Hiho, ich wollte Fragen, wie es möglich Wäre, das Bild eines PC aufzuzeichnen ohne vorher ein Betriebssystem zu laden.

Es geht darum gute Videos von einem Bios/Uefi zu generieren, aber ohne, dass ich meinen Bildschirm abfilme.
Am liebsten wäre mir ein "Kasten" der an das MaBo angeschlossen wird, dann noch nen ausgang zu meinem Monitor hat und per USB Platte alles aufzeichnet, was ich da  so drücke etc.

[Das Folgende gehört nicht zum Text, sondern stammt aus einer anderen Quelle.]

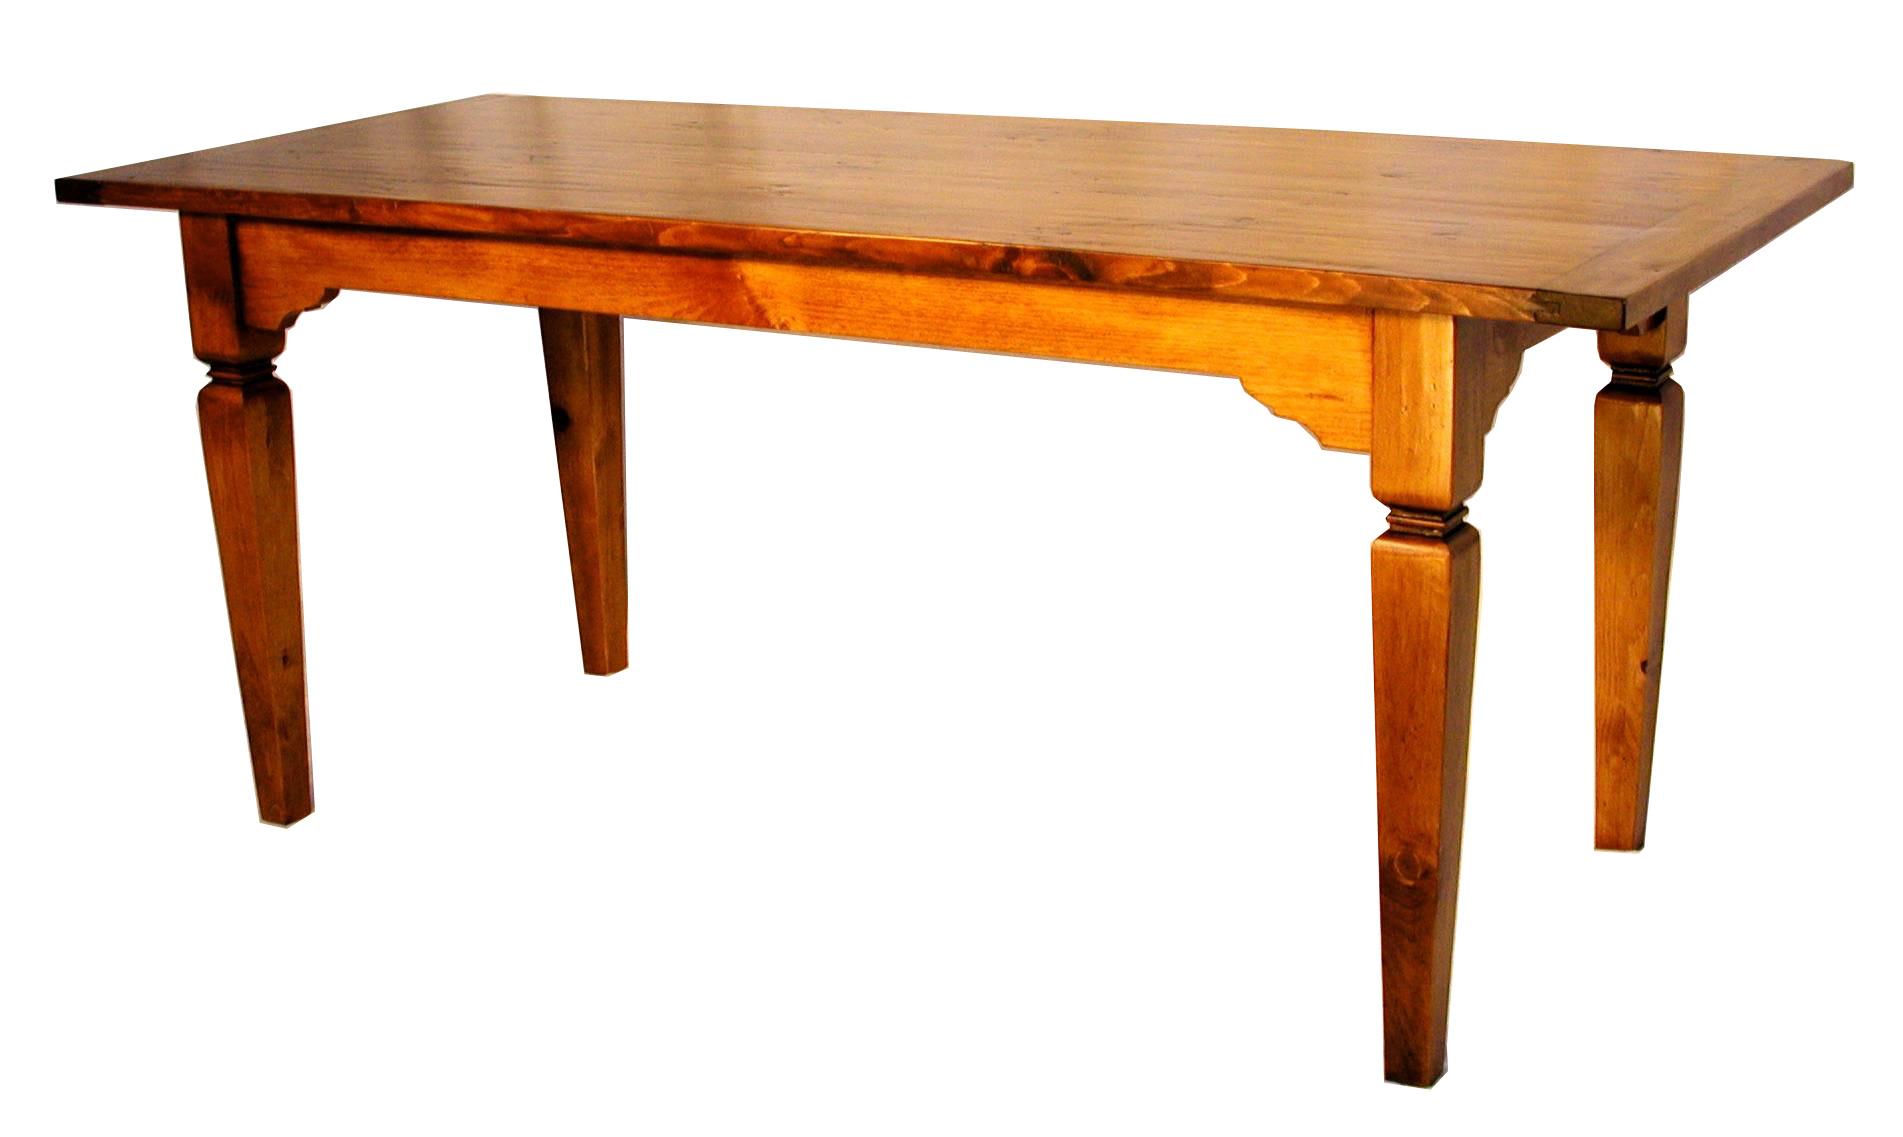 French Farm Table #2110

Wäre Klasse, wenn wer eine Idee hat, was das für ein Kasten sein könnte, ich kann mir gut vorstellen, das es so etwas schon gibt...aber für Google hab ich leider nicht die passenden "Suchwörter" gefunden.


----------



## -Phoenix- (28. August 2011)

Moin
das müsste mit einem Festplattenrecorder funktionieren. Such mal danach wie man PS3 oder Xbox Videos aufnhemen kann, vll hilft das.


----------



## moinmoin666 (28. August 2011)

ICh hab schon was gefunden, leider alles mit Komponent-Kabeln, sowas habe ich natürlich nicht an meinem PC.

Hauppauge HD PVR

So was in der Art habe ich mir auch vorgestellt, aber es sollte schon ein HDMI/DVI Signal  verarbeiten können... da gibt es ja gar nix... zumindest konnte ich nix finden (bis jetzt).


----------



## King_Sony (31. August 2011)

Sollte das sein was du suchst: Blackmagic Design: Intensity


----------



## moinmoin666 (31. August 2011)

Wenn man sich die AMAZON REview durchließt, dann will ich genau sowas nicht haben:

Amazon.com: Customer Reviews: Blackmagic Design Intensity Shuttle for USB 3.0 Computers, Capture and Playback Professional Quality HDMI and Component Analog Video in Both SD and HD (Requires x58 based computer or better)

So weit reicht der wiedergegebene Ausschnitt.